Welcome to the club... lol

I've found if the negatives are dense, I can zap light thru them and might still get a good photo; if they're thin I can't do much of anything with them. So you might be able to get something decent from this roll. I don't know that I'd spend a lot of time on prints from this but would probably do whatever is most significant. 

Or maybe would it be worth having a lab process this roll, where you could let them know you realized the exposure was off. If you're newer to this a lab might know how to adjust.


----------



## CarlH (Aug 2, 2017)

Another option is use a stand developer like rodinal (R09) at 1-50 or even 1-100 as the long development time tends to even out any exposure errors.


----------



## Derrel (Aug 2, 2017)

I would not worry too much about one frame being underexposed by a stop...unless it is **the** critical frame of the entire roll! As above...I would shoot the rest of the frames at 2-over, and then cut the development time down 20% or so from your normal development time...developp the over-exposed roll "less than normal" (AKA '*minus development*'). 
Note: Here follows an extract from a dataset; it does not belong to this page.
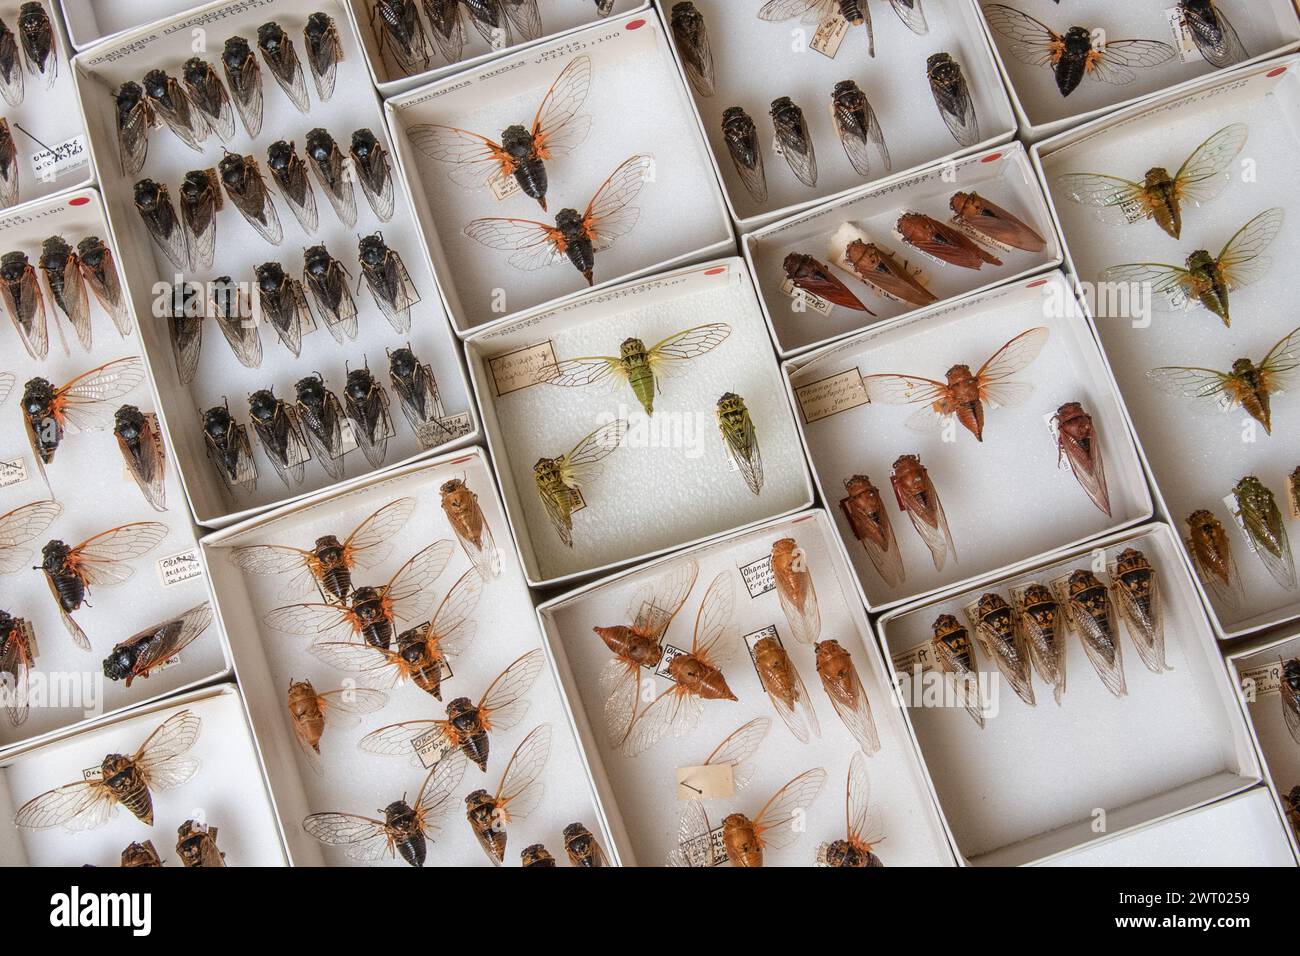 Viele gefiederte Zikaden in einem Museumskoffer zeigen die Vielfalt der Zikaden Nordamerikas. Viele Insektenarten sind vertreten. Stockfoto

A stand developer approach, or a fairly weak and slower-acting developer, like D-76 cut 1:1 with water, or Kodak HC-110 Dilution B, with 10 seconds of roller-pin agitation on the individual one-minute intervals ought to produce decent negatives.


----------



## encom_ (Aug 3, 2017)

Thanks for the reactions. I believe I will shoot the rest at 2 over as suggested and ignore the one frame. So that means it will be to light to get anything useful from it, right?
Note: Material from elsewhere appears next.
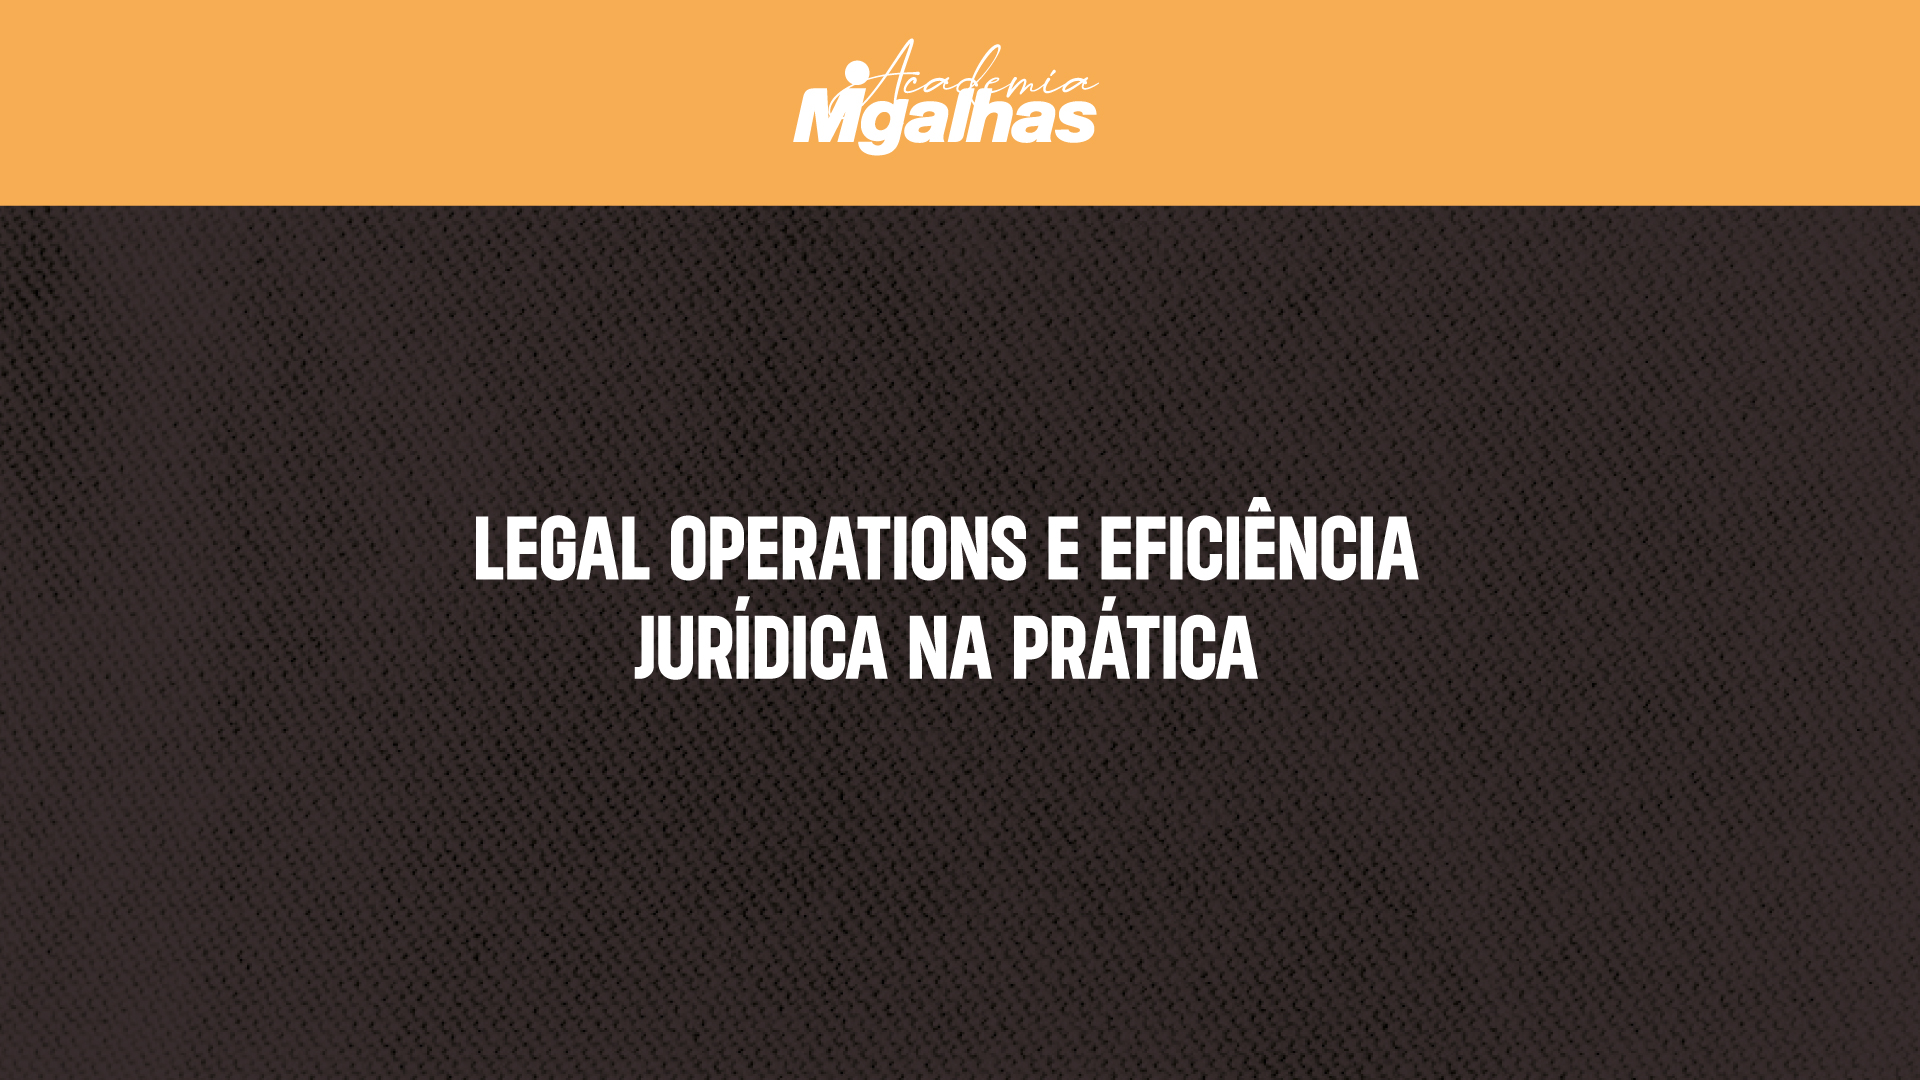 Legal Operations e Eficiência Jurídica na prática

edit: I mean the film would be almost clear. Not the image after print.

Sent from my iPhone using Tapatalk


----------



## webestang64 (Aug 10, 2017)

encom_ said:


> Thanks for the reactions. I believe I will shoot the rest at 2 over as suggested and ignore the one frame. So that means it will be to light to get anything useful from it, right?
> 
> edit: I mean the film would be almost clear. Not the image after print.
> 
> Sent from my iPhone using Tapatalk



There still could be a slight image there. There is a process using chromium intensifier that can bring out an underexposed negative.
Photographers' Formulary Chromium Intensifier for Black 05-0065


----------



## Gary A. (Aug 10, 2017)

One stop under, should still be useable ... sorta depends on your metering expertise as well.


----------



## Derrel (Aug 10, 2017)

I think you are tremendously tremendously over emphasizing the development time as relates to exposure. The film will be fine in the manner you develop it. Plus development, or normal development, or minus development, there should be plenty of latitude to get a decent image


----------



## Light Guru (Aug 10, 2017)

CarlH said:


> Another option is use a stand developer like rodinal (R09) at 1-50 or even 1-100 as the long development time tends to even out any exposure errors.



^^THIS^^  Stand development is the best option. Rodinal 1:100 for an hour with 30 seconds agitation at the beginning and at 30 min.


----------